So now you’re realizing, well, these people don’t really value me. The reality is if someone doesn’t value you, it’s true for relationships but also work, you have to walk away from that situation. I’m sure you could find other employers who would value your time and your efforts that you put in there. Now it seems to me that as soon as you’re underperforming, you’re getting into a lot of trouble. Everyone underperforms from time to time but good companies, good employers, good managers, good bosses, they’re going to help you get out of that rut. They’re going to help you succeed. They want you to succeed because they’re good leaders. But these people probably only care about the money that you can produce for them.
And I’m assuming what you are realizing right now is actually what your girlfriend has been seeing for a long time and it seems to me that she’s been trying to communicate it to you but you were unwilling to accept that. You thought probably that you have to make this work. You thought that if you don’t climb the career ladder, your life is not going to work out. You’re thinking maybe you’re not gonna make enough money. Maybe you have to pay off some debts. But probably, you could also find other ways to make money.

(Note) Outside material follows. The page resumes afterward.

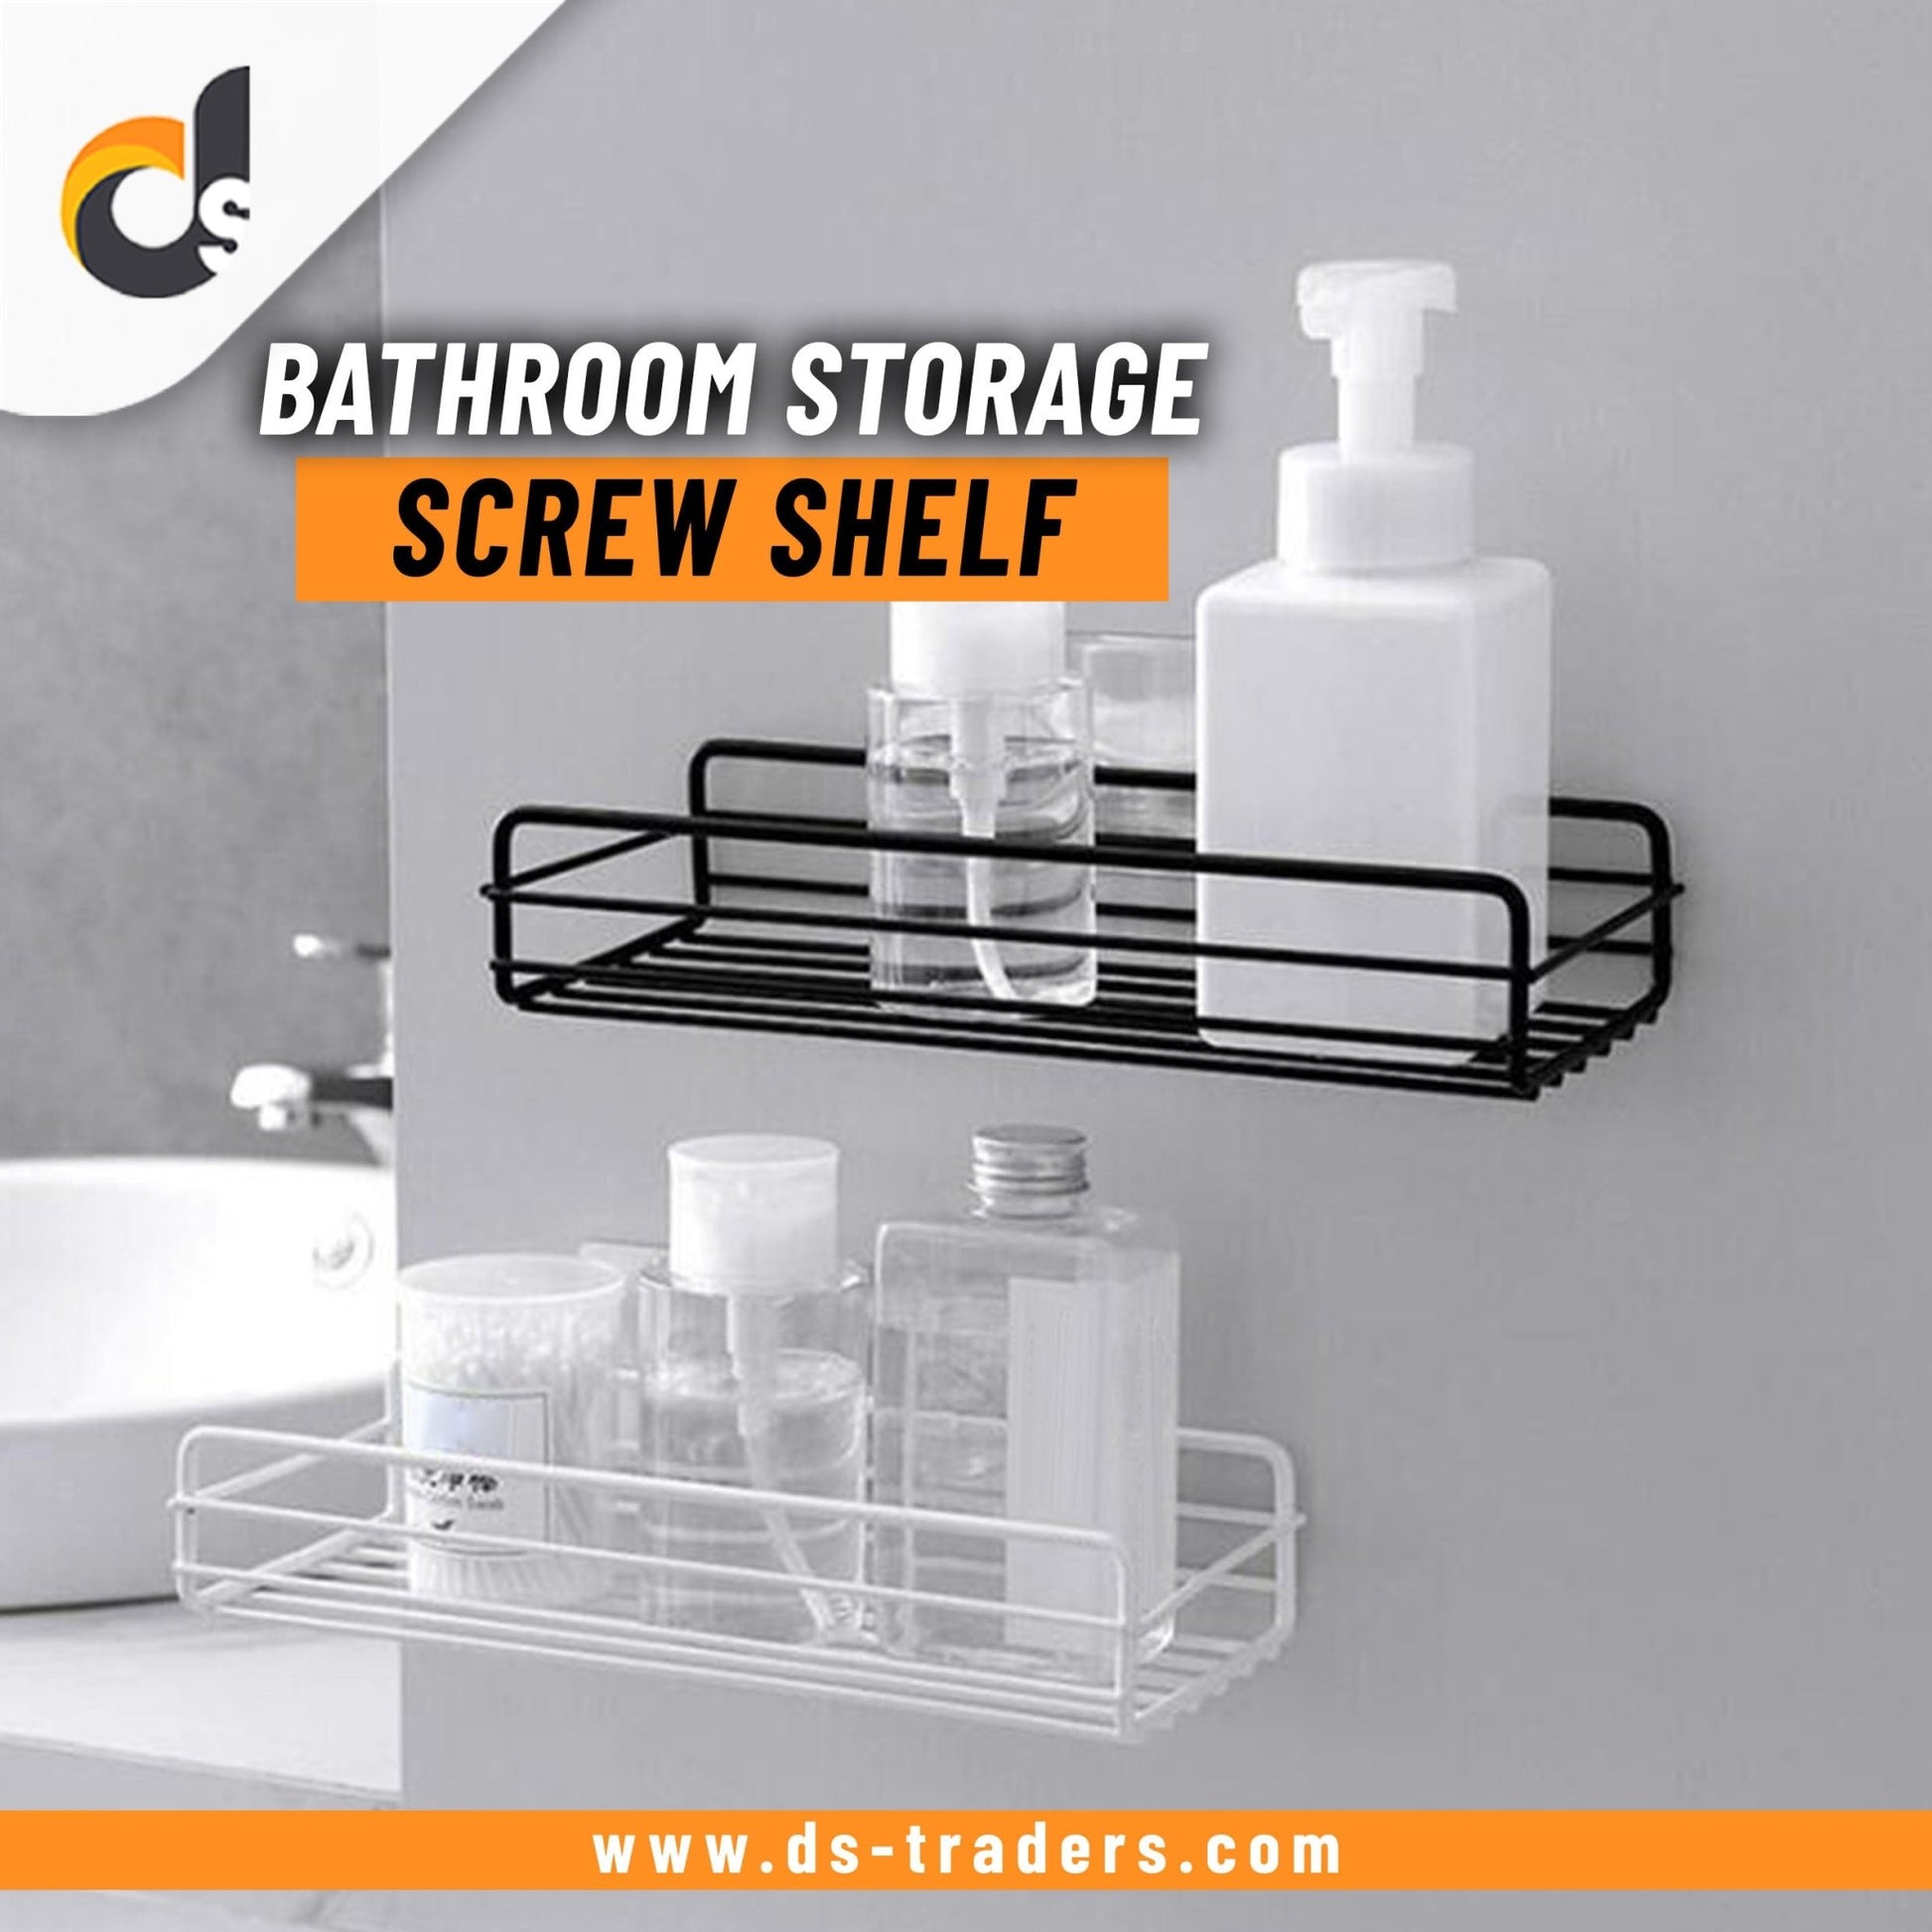 Stainless Steel Bathroom Storage Shelf (Screw) - DS Traders

So he then says: “Anyway, I tried so hard to win her back and I must have been begging and pleading with her for what feels like an entire month. Pretty much every attempt at talking to her went completely ignored or she told me off, saying stuff like ‘she doesn’t know if she can still be with me but right now it’s not the time for it.’ It’s as if she didn’t care at all about my attempts to fix the relationship and it just seemed to get worse the harder I tried.”
Well, most likely, the reason why she’s not listening is that she doesn’t see you trying to fix the relationship. It seems more that you want her back and you’re probably trying to apply some duct tape onto that situation. You’re thinking let’s just get back. You’re gonna work a little bit less and that’s gonna improve the situation. But most likely she doesn’t think so. She probably thinks that if you stay stuck in this work situation, it’s not gonna get better. And I’m assuming that is the case because these law firms are always super demanding. So even if you work a little bit less I’m assuming it won’t be much different. Maybe you’re gonna work 10% less, but does that mean that she’s still going to have a lot of time with you? Most likely not.
I’m assuming you’re still gonna have to work more than eight hours a day. Maybe you’re still gonna have to do some late-nighters. Maybe you’re still gonna have to work on the weekend. So you have to be realistic. Is this going to fix the relationship? Most likely not. So either you accept these long working hours at this company and accept that she doesn’t want you back because of it, or you find an alternative and you fix the stuff that she doesn’t like, which clearly is that work arrangement. I’m not saying that you can’t maybe potentially fix that work arrangement but I have a feeling you could find a better employer where you would not have to work so much and maybe you might even get paid more because these firms typically find cheap labor that is willing to put in that effort because they don’t value themselves enough. So the question is: Do you see yourself as a king? Are you willing to accept an employer who doesn’t value you? Or are you going to find someone who truly sees the magnificence in you?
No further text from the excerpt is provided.